Menurut Vinai Kumar, ilmu dapat dibagi menjadi dua kelompok utama yaitu ilmu empiris (empirical science) dan ilmu formal (formal science). Ilmu empiris misalnya biologi, kimia, fisika, dan lain-lain yang disebut juga sebagai ilmu alam (natural science). Ilmu formal misalnya matematika, ilmu komputer dan statistik. Namun demikian, tidak hanya ilmu hukum dogmatik saja yang diragukan sifat keilmuannya. Ilmu ekonomi dan ilmu sejarah pun ada yang menggap bahwa keduanya bukanlah ilmu. “Economic is a discipline, not science”, Barry Ritholtz, 2012:493).
Menurut masalah status keilmuannya, ilmu hukum bukanlah ilmu formal (filsafat dan matematika) melainkan masuk ke dalam rumpun Geisteswissenschaf, Bernard A. Sidharta, (1996:131). Ilmu hukum adalah normatieve maatschapij wetenschap yaitu ilmu normatif tentang kenyataan tingkah laku manusia dalam hidup bermasyarakat. Oleh karena itu, sebenarnya penekanan ilmu hukum bukan hanya pada segi normatif aturan itu sebagai produk, melainkan juga pada mengapa bersifat normatif. Dengan kata lain bukan hanya hasil akhir sebagai aturan hukum melainkan juga proses mengapa dan bagaimana ia menjadi suatu aturan hukum. Bukan hanya pada aspek keharusan karena statusnya sebagai hukum melainkan juga apa, bagaimana dan mengapa ia mesti memperoleh status hukum.

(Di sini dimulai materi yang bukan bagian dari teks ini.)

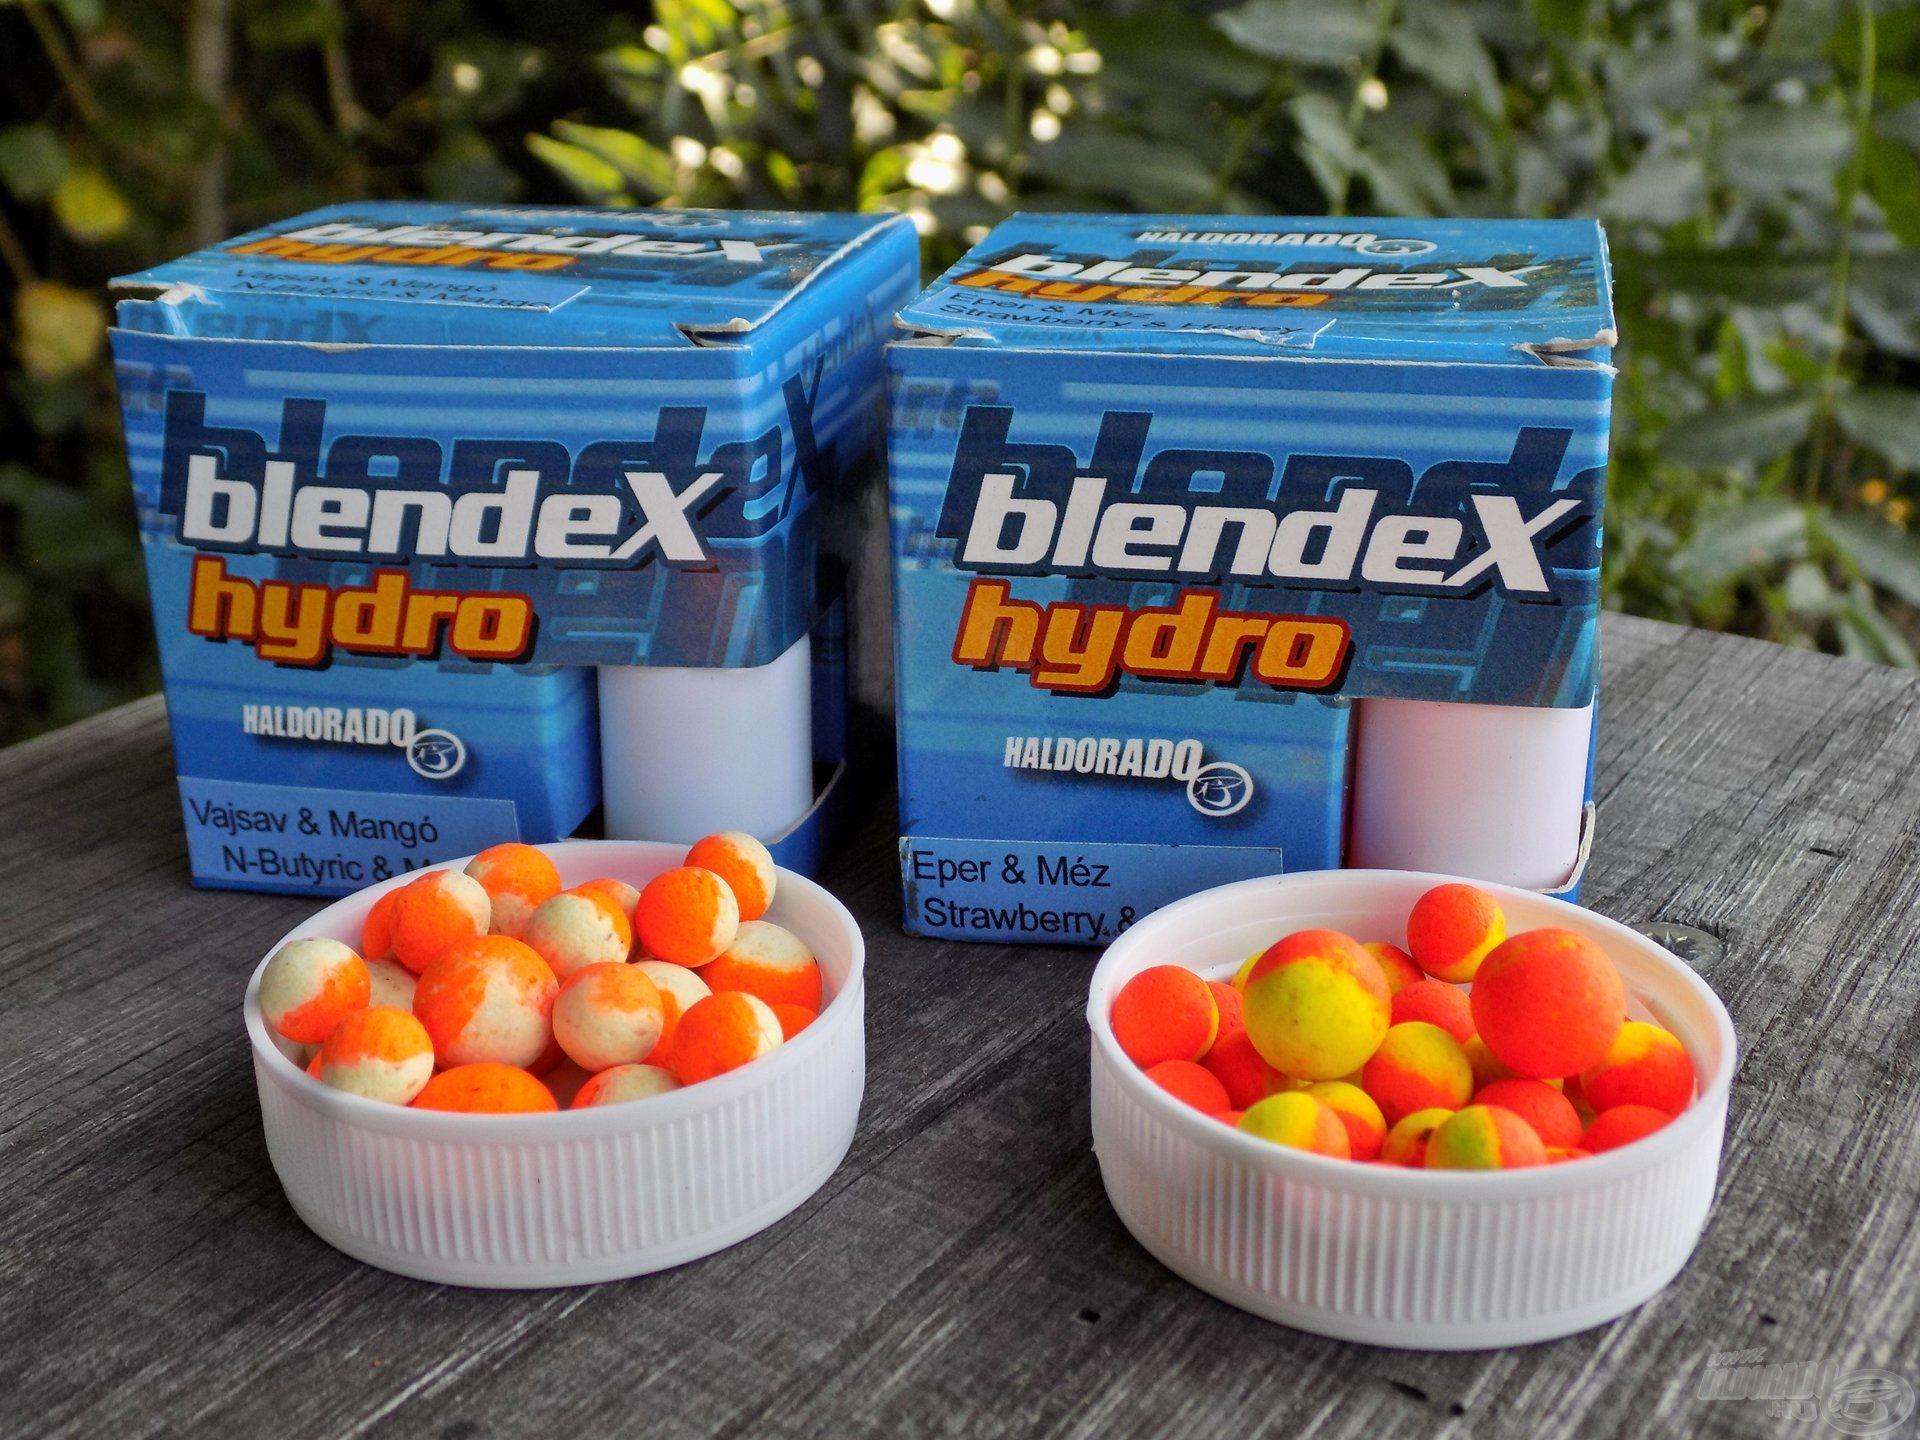 A BlendeX Hydro kikönnyített csalikkal gyorsan elcsábíthatóak voltak a pontyok, a Vajsav-Mangó és Eper-Méz ízvilág egyenes utat mutatott a pontyoknak a horgomhoz

Untuk itu suatu aturan hukum tidak hanya menjadi masalah tentang apa yang ditentukan secara formal melainkan juga masalah tentang bagaimana ia menjadi formal. Artinya ia tida mesti diperlakukan sebagai entitas formal yang esoteric dengan sekalian keharusan yuridisnya melainkan sebagai sub unit yang terintegrasi dengan nilai, makna dan tingka laku manusia yang terkonstruksi secara sosial dalam ranah struktur sosial dan intersinjektivitas manusia itu sendiri.
Persoalan hukum bukan hanya sekadar sistim normatif saja seperti diyakini penganut rechtslehre. Juga bukanlah tindakan atau keajegan sosial semata seperti dipahami penstudi sosial. Hukum adalah kedua-duanya. Meski aturan dan sistim hukum itu sendiri dari rumusan-rumusan norma dan aturan namun hukum juga harus dilihat sebagai hasil eksperimen manusia dalam hidup bermasyarakat.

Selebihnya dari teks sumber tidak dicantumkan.